Commons : John Theodore Heins  - Collection of pictures, videos and audio files

Individual evidence

  1. Andrew Moore, Charlotte Crawley: Norfolk Portraits: Catalog . In: Dies .: Family & friends. A Regional Survey of British Portraiture . HMSO, London 1992, ISBN 0-11-701506-7 , pp. 63-192, here: p. 104.
  2. ^ A b Andrew Moore, Charlotte Crawley: Norfolk Portraits: Catalog . In: Dies .: Family & friends. A Regional Survey of British Portraiture . HMSO, London 1992, ISBN 0-11-701506-7 , pp. 63-192, here: p. 116.
  3. Norma Watt: The Civic Face 1700–1900 . In: Andrew Moore, Charlotte Crawley: Family & friends. A Regional Survey of British Portraiture . HMSO, London 1992, ISBN 0-11-701506-7 , pp. 46-53, here: p. 48.
  4. Norma Watt: The Civic Face 1700–1900 . In: Andrew Moore, Charlotte Crawley: Family & friends.
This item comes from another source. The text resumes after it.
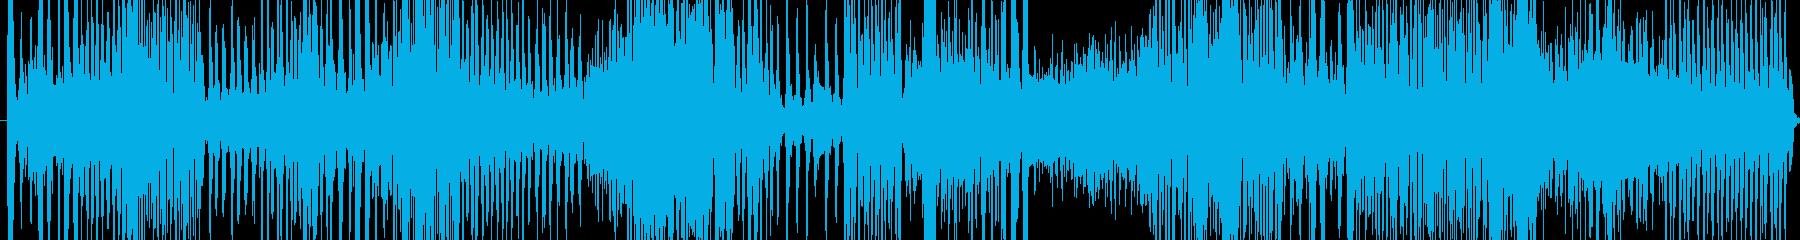 壊れた機械に囲まれた音の再生済みの波形

A Regional Survey of British Portraiture . HMSO, London 1992, ISBN 0-11-701506-7 , pp. 46-53, here: p. 47.
  5. Norma Watt: The Civic Face 1700–1900 . In: Andrew Moore, Charlotte Crawley: Family & friends. A Regional Survey of British Portraiture . HMSO, London 1992, ISBN 0-11-701506-7 , pp. 46-53, here: p. 51.
  6. ^ Hugh Belsey: Gainsborough's Family . Gainsborough's House Society, Sudbury 1988, ISBN 0-946511-09-8 , p. 11.
  7. ^ Moore Andrew (ed.): Houghton Hall: The Prime Minister, the Empress and the Heritage . Philip Wilson Publishers, London 1996, ISBN 0-85667-444-3 , p. 83.
  8. Alastair Laing, John Maddison: Lord Hobart's Gallery . In: Andrew Moore, Charlotte Crawley: Family & friends. A Regional Survey of British Portraiture . HMSO, London 1992, ISBN 0-11-701506-7 , pp. 39-45, here: p. 45.